Várias serpentes deslizam na capa e isso pode fazer algumas pessoas já olharem torto para o livro como também pode convidar outras a abrirem-no. A princípio, o espectador pode imaginar uma história empolgante… E é justamente assim que Serpentário não começa.
Choque à parte, não entenda errado. O livro é bom. MUITO BOM. Continue lendo esta resenha e vai entender…
“É um mundo de predadores, Carol. Temos que fazer de tudo para ficar no topo da cadeia alimentar”
Serpentário foi criado por Felipe Castilho, um escritor brasileiro também autor de Ordem Vermelha, e publicado pela editora Intrínseca em agosto. Felipe é mais conhecido pela série O Legado Folclórico e já chegou a ser indicado ao prêmio Jabuti 2017 com o quadrinho Savana de Pedra.
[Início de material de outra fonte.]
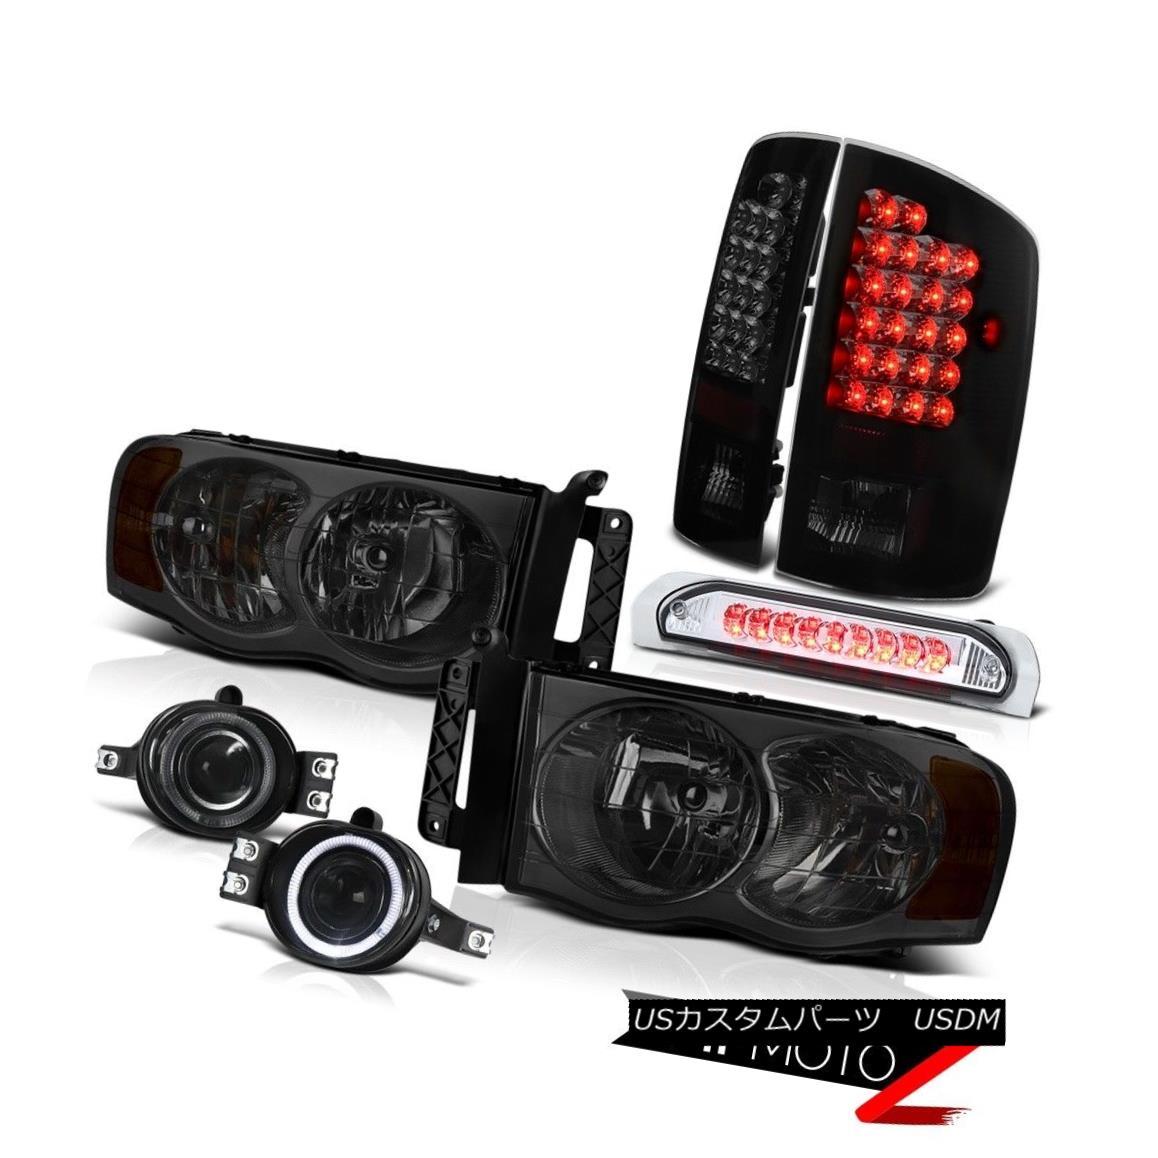 テールライト Dodge Ram 2500 Halo Headlamps+ Tail Lights+Driving Fog+LED Third Brake 2003-2005 ダッジラム2500ハローヘッドランプ&テールライト+ドライビングフォグ+ LEDサードブレーキ2003-2005

Sua marca é trazer a fantasia nacional ao conhecimento dos brasileiros, o que parece ser meio redundante, mas diante de nossa cultura social se faz totalmente necessário.
A história, tal como IT – A coisa, se passa em dois momentos: adolescência e idade adulta e é entrecortada por fragmentos atemporais – tanto do passado como do futuro – que complementam e amplificam a metáfora da Ilha das Cobras e o rastejar da serpente entre os tempos… É justamente um desses capítulos que abrem o livro, situando o leitor em um espaço-tempo longínquo e nada agradável.
A trama traz um personagem morto logo de início, ou melhor, deixado para morrer por seus amigos ricos… Paulo, o único pobre, ressurge dezenove anos depois como um rico empresário, para a surpresa de seus amigos, que passaram o mesmo tempo remoendo as sequelas de terem-no deixado para trás.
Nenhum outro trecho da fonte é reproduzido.